Before I put in my two cents, I would be remiss not to send you to dfank_BU's Monday Shootaround, where he gave a nice, succinct preview of tonight's game. Also look over the Q&A with Wide Right & Natty Lite. Their answers to our questions HERE, our answers to their questions THERE.

I, for one, look forward to the day when Fred Hoiberg finally makes his sojourn to the NBA. I appreciate that having him around makes the Big 12 a stronger conference, but I also want Baylor to win more. Hoiberg is 6-3 versus the Bears. He's a rare coach who knows how to create space on the often claustrophobic college floor, and every year he brings in at least one instant impact transfer player who slots seamlessly into his free flowing offensive system.

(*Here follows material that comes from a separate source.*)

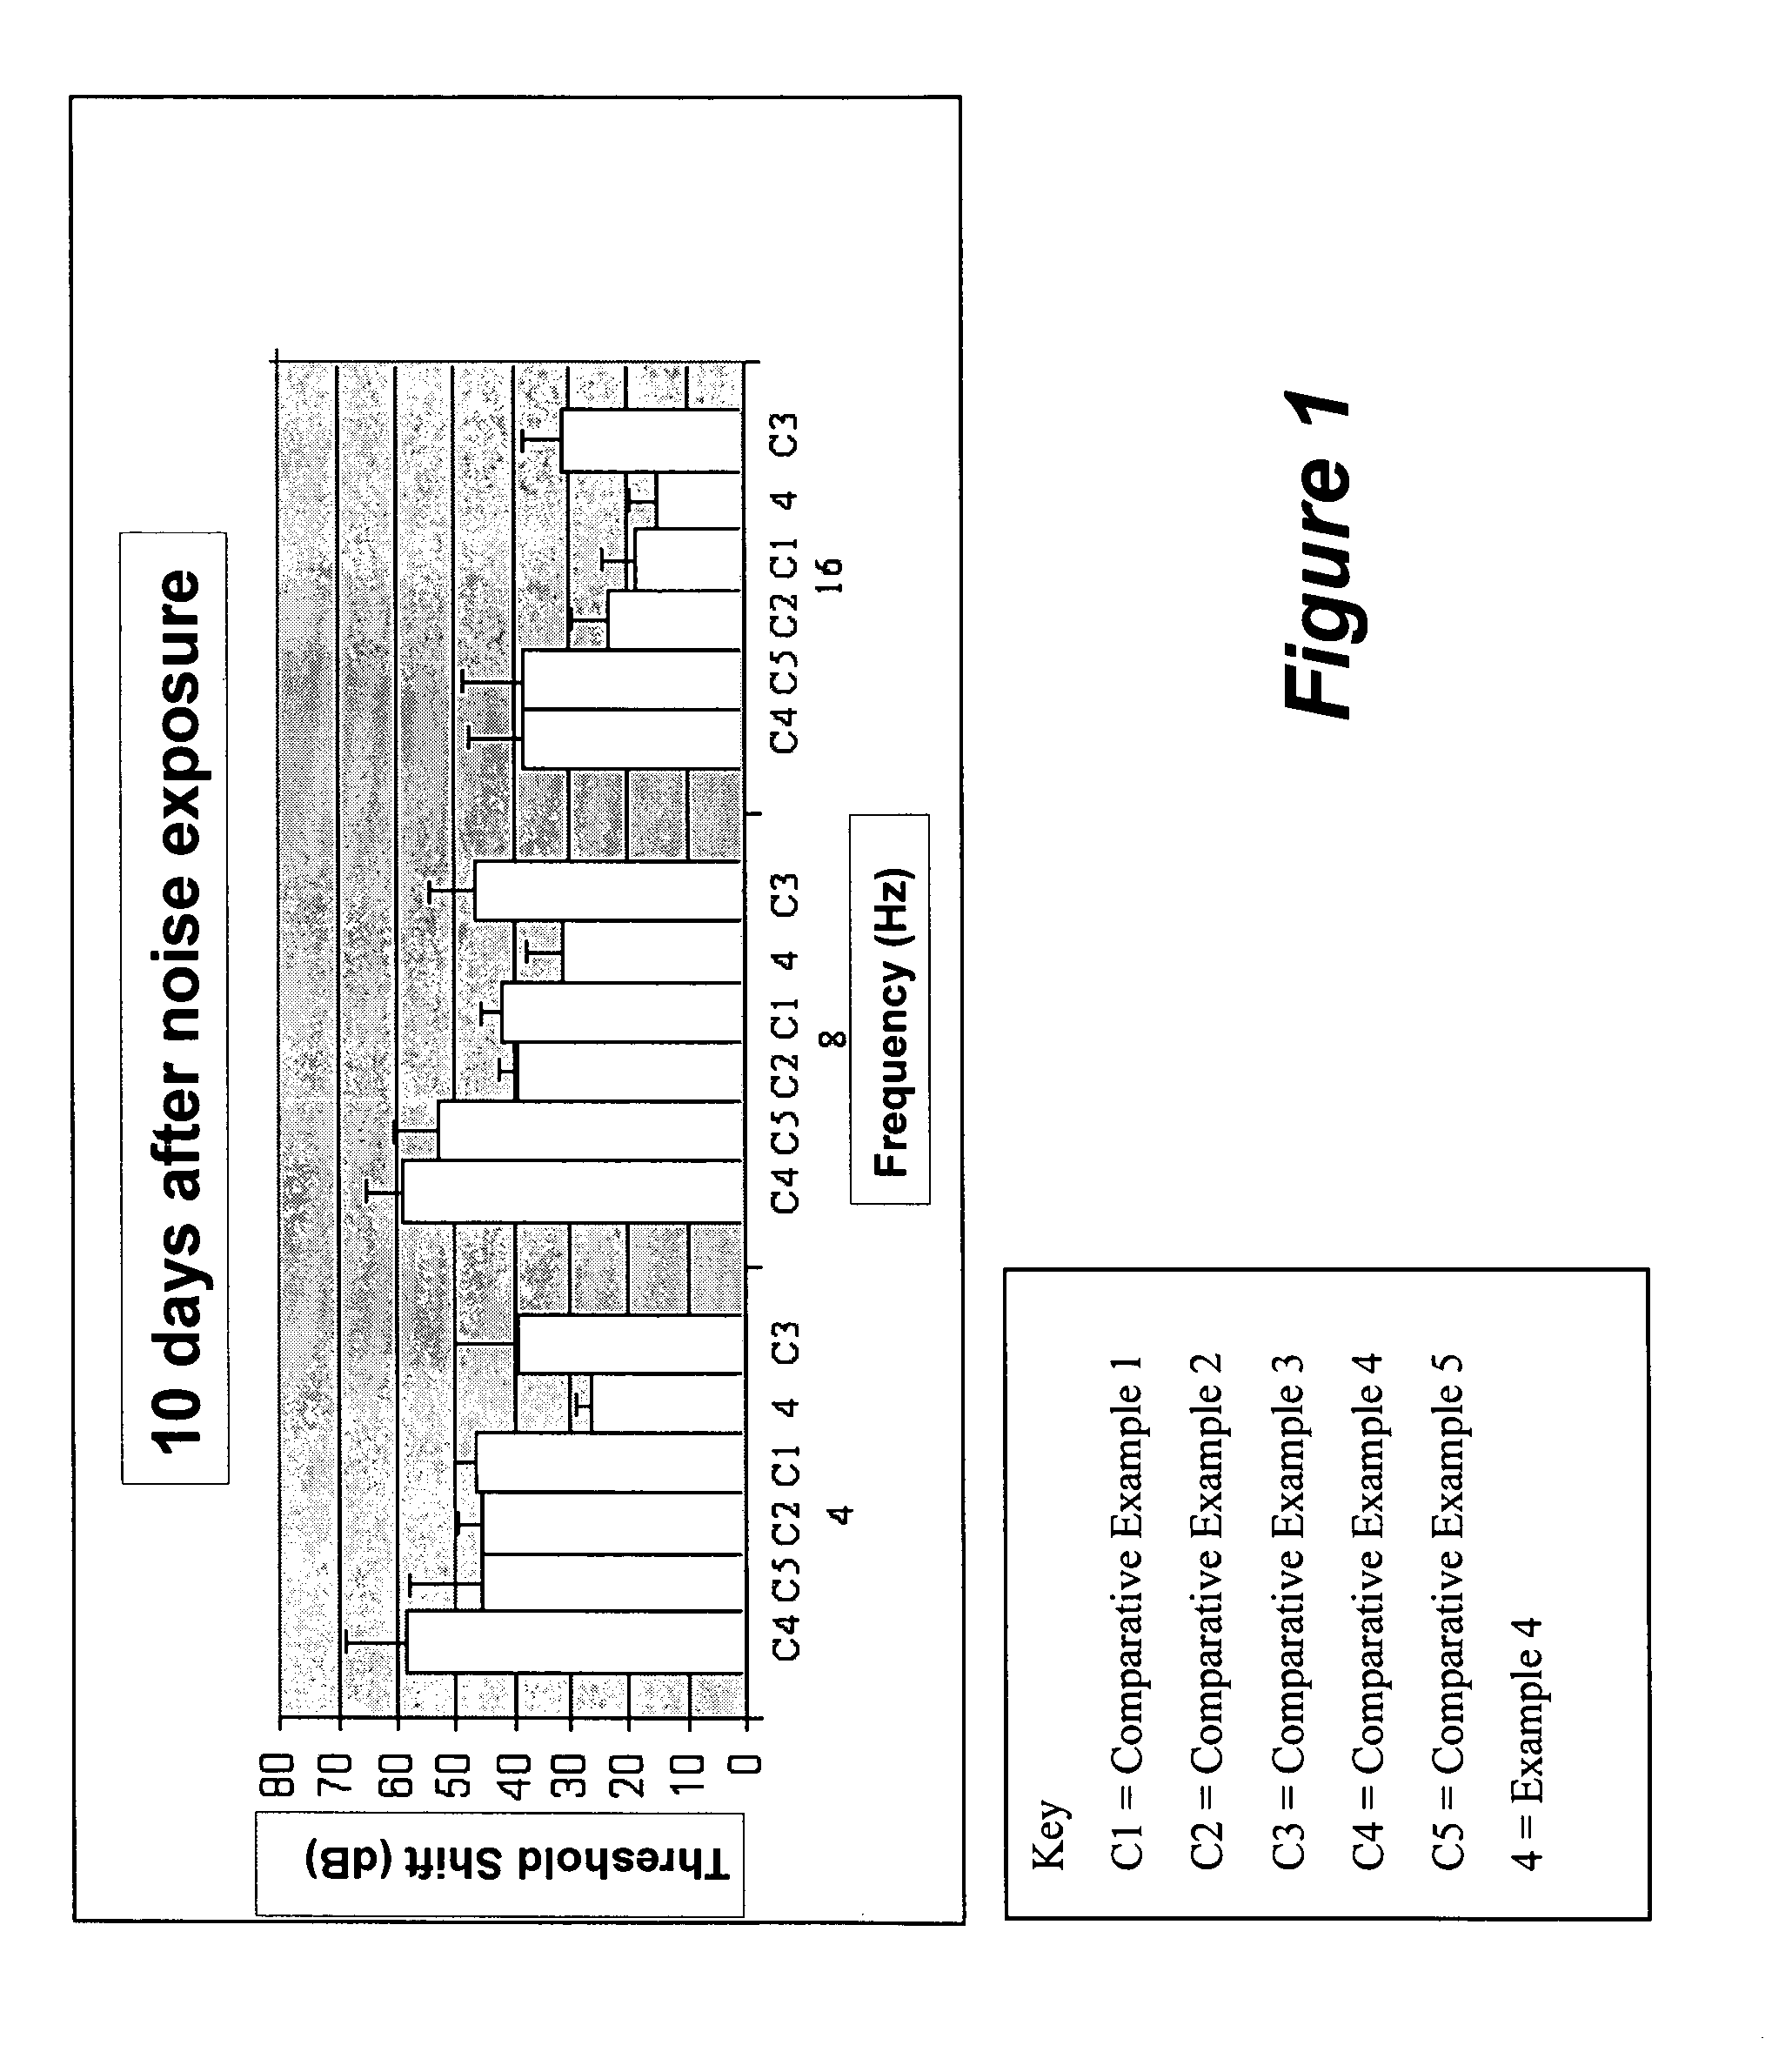 Composition and method of treating hearing loss

The offense starts with sophomore guard Monte Morris. He is a true-blue facilitator. He only takes 17% of the Cyclones shots, and he sports a 6:1 assist-to-turnover ratio. How impressive is that? Well, he set the NCAA record last season with a 4.79 ratio. As if it couldn't get more impressive, he's also playing 4 more minutes per game and has taken over as the team's primary ball handler, which was DeAndre Kane's job last year. Morris is steady as a rock, and his lack of selfishness gets Hoiberg's offense rolling.

You might think that the offensive key for Iowa State is the 3pt line, and you'd be kind of right. It's not that simple, though. Allow me to throw some percentages at you. The Cyclones are 2nd in the nation in assists, averaging 18.4 per game. A whopping 64.7% of their made field goals come off assists, the 9th highest rate in the country, per KenPom. Now, 39.4% of the Cyclones' shots come from beyond the 3pt line. Of those shots, an incredible 94.5% of their made 3pt shots are assisted, per Hoop-Math. Translated, Iowa State is not simply chucking up threes. They are attempting just 23 threes per game, tied with 12 other teams for the 26th most 3PAs per game. It would seem, then, that most of those threes come within the flow of the offense.

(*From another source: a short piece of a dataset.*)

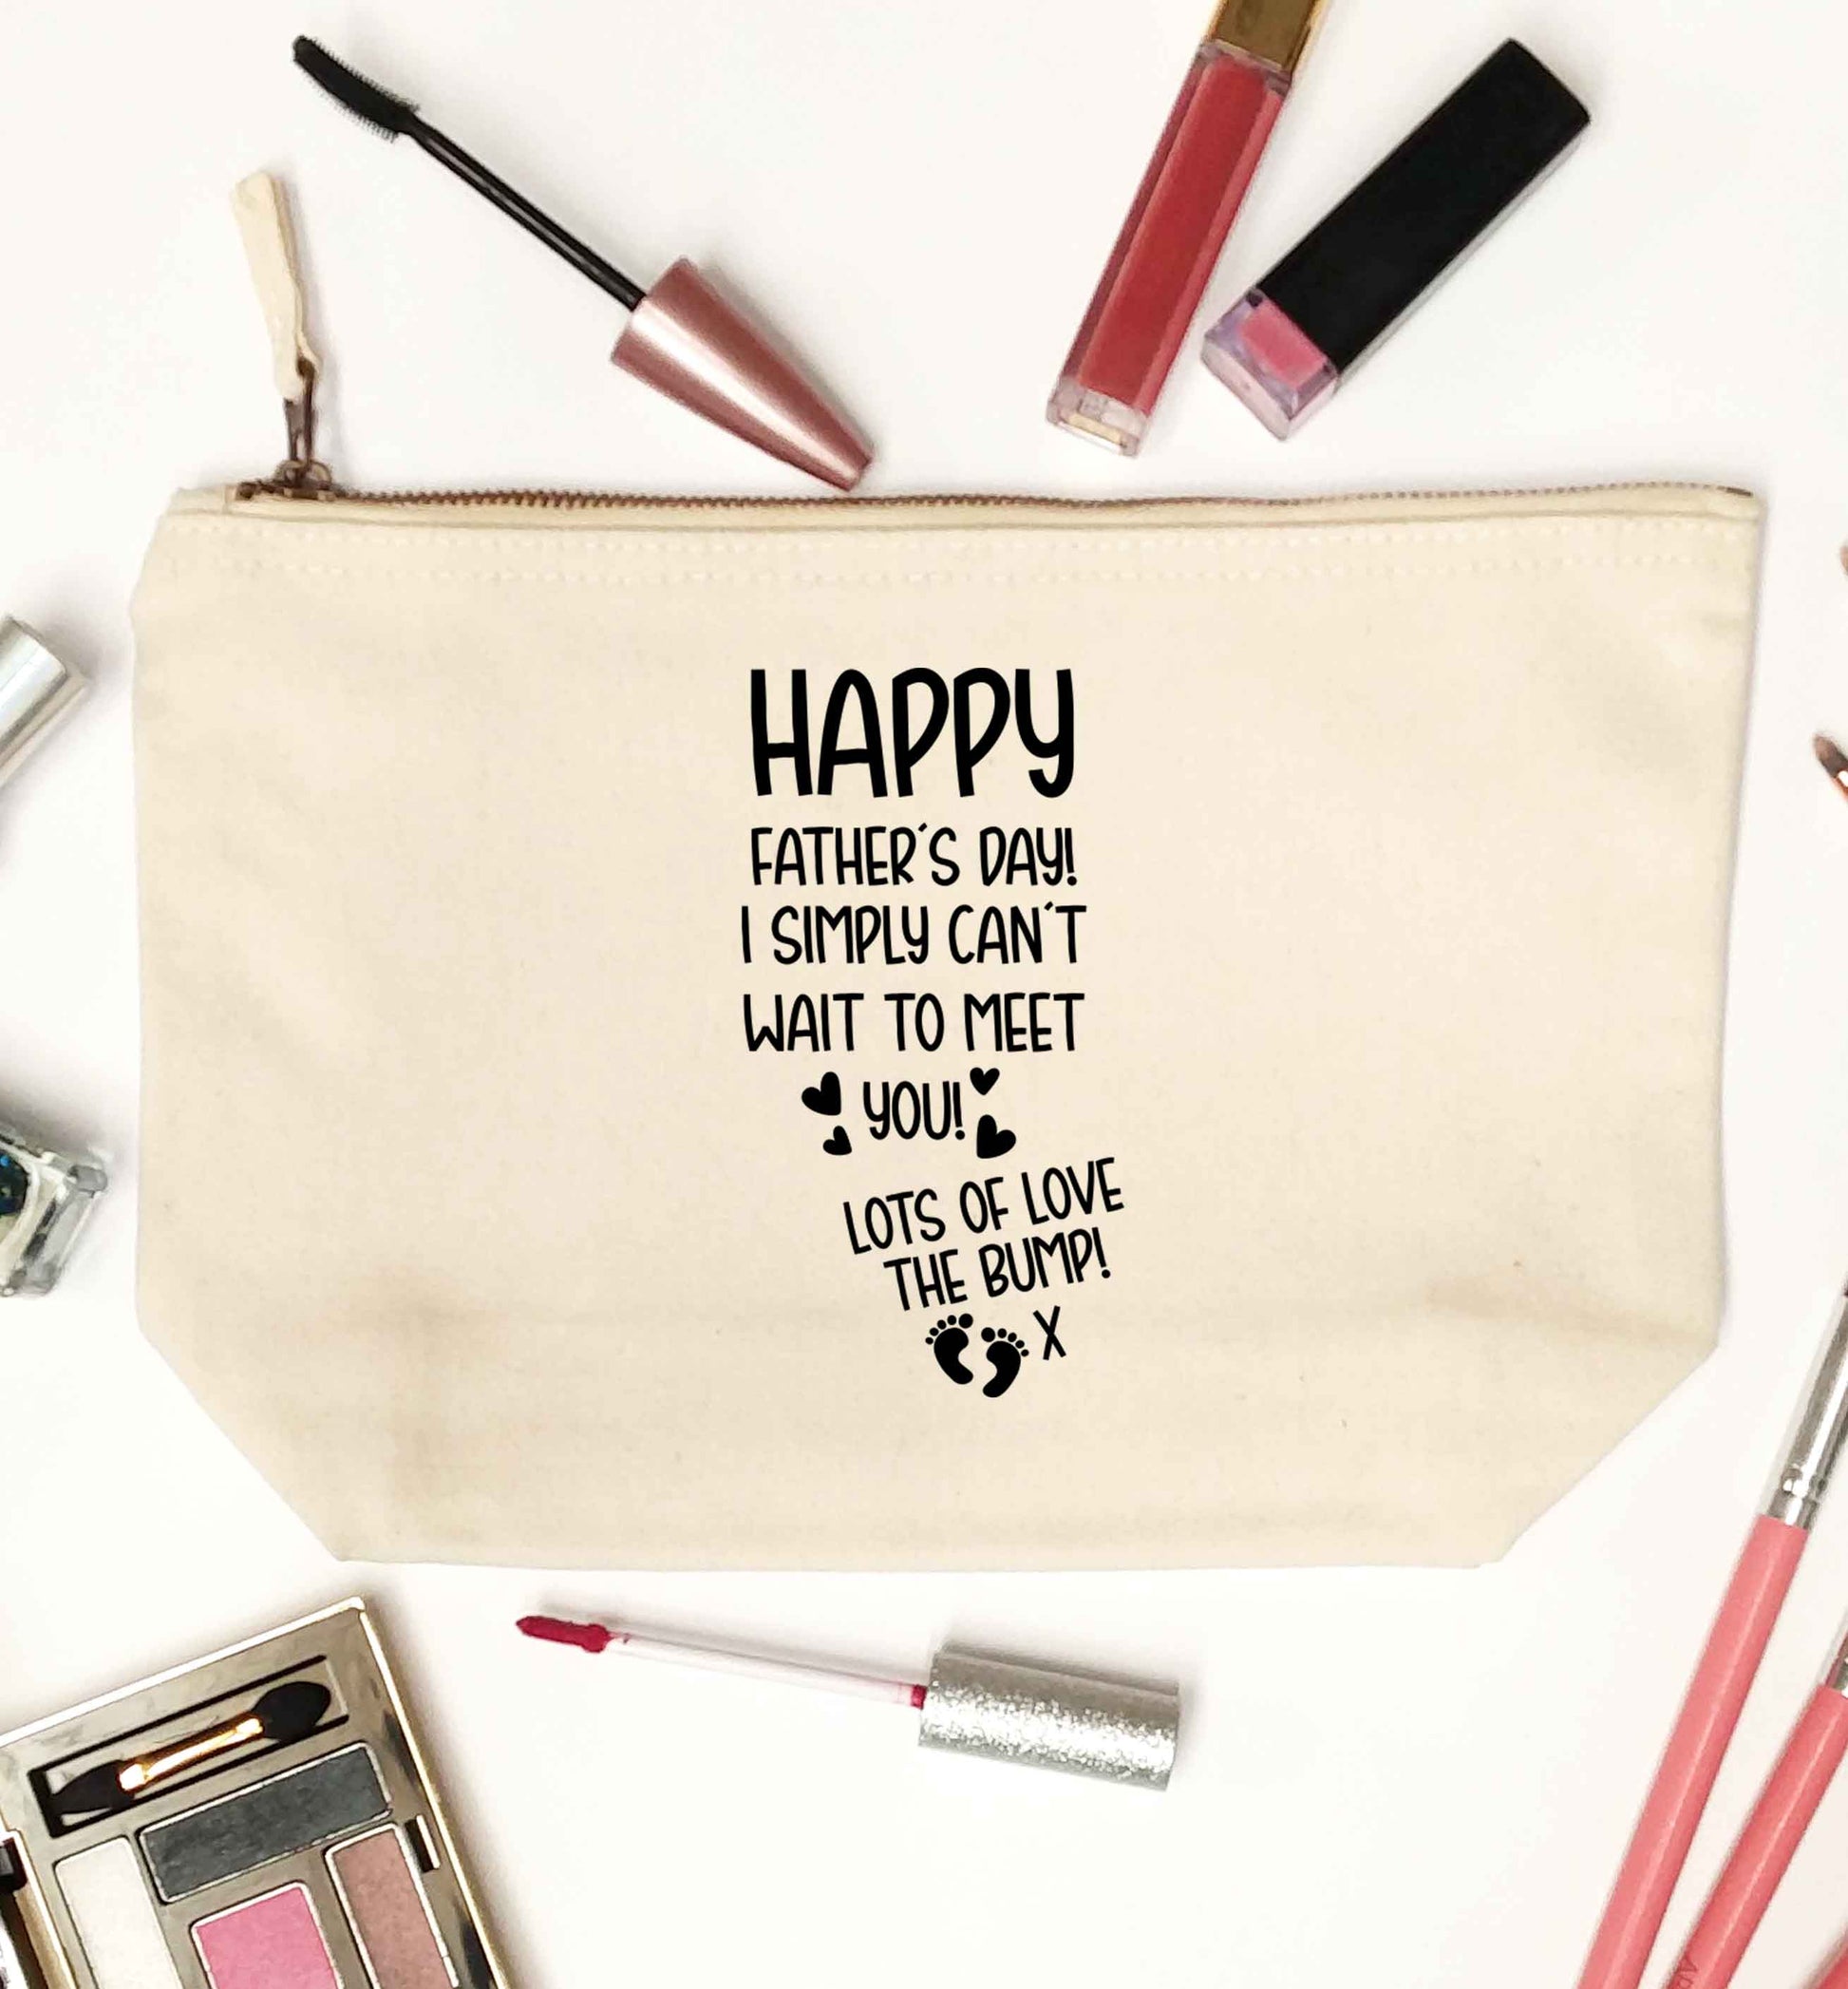 Happy Father's day daddy I can't wait to meet you lot's of love the bump! natural makeup bag

Don't be deceived into thinking that three point line is the source of this team's points. Rather, they use the threat of the three to open up other shots. Iowa State is only shooting 34.5% from three point land, and only 29.3% of their scoring comes from 3pt shots. Inside the 3pt line? Well, they are shooting 58.5% from 2pt range, the third highest percentage in the country, the area that accounts for 51% of the Cyclones' points, per KenPom. According to Hoop-Math, they are shootin 76.5% at the rim this season, where they take 31% of their shots. Pair that insanely high conversion rate at the rim with a pretty average FT rate (38.8%, 133 nationally) and the low rate at which opponents block their shot (6.9%, 32nd nationally), and you get the picture that Iowa State takes most of their shots at the rim after the ball has zipped around a bit and the defense is out of sorts, so worried about the threat of the 3pt shot that they've forgotten to protect the rim.

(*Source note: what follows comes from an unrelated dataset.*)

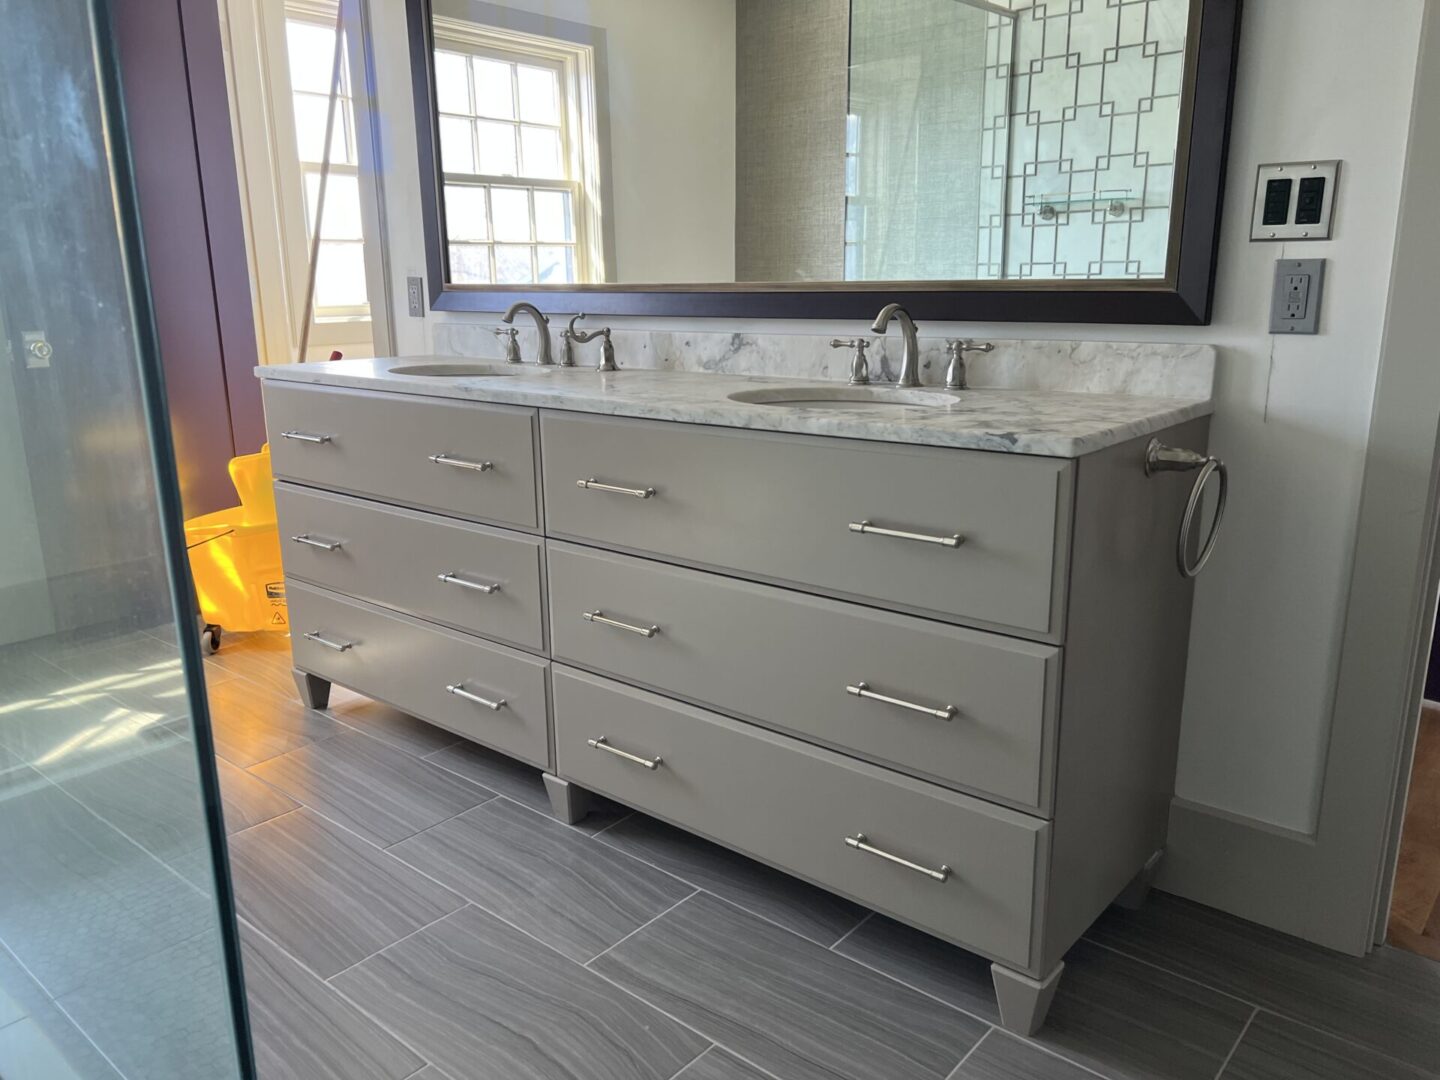 Wash area with mirror and cabinets

TL;DR VERSION: Baylor's probably screwed. When the Sooners broke the Bears' 1-3-1 zone earlier this season, it was through lots of smart, quick passing, especially from their big men. Well, Iowa State is the quickest, smartest passing team maybe in the country. Junior forward Georges Niang is one of the best passing big men in the country. To add to it, Iowa State plays at a really fast pace. An average offensive possession for them last just 14.5 seconds, the second fewest in the country. When they see an open shot, they take it. If Baylor is to have any chance at winning this game, they'll have to slow down the pace. If they can sabotage Iowa State's 1st and 2nd offensive options and force them into late clock situations, they have a chance to keep down the scoring margin.

The advantage of the zone is that it keeps a body at the basket at almost all times, which should muddy up that pristine 2pt% Iowa State has. As I said earlier, the Cyclones aren't quite shooting lights out from deep. If they get hot, of course, the game's probably over. If they just shoot around their average -- or even a click below it -- that will open the door for Baylor and our low scoring offense to hang around. It may sound counterintuitive, but Baylor might be better off clogging the inside, forcing Iowa State to try more threes, and closing out hard to contest the outside shot.

Alright, that's enough of that. Here are the quick keys, the distribution stats, and my score prediction.

Three Quick Keys

1.) No liveball turnovers. ISU has feasted in transition this season.

2.) Clog the paint and close out hard on shooters, especially Naz Long.

3.) LAYUPS, MAKE THEM (I said this last game, but maybe more emphasis will help).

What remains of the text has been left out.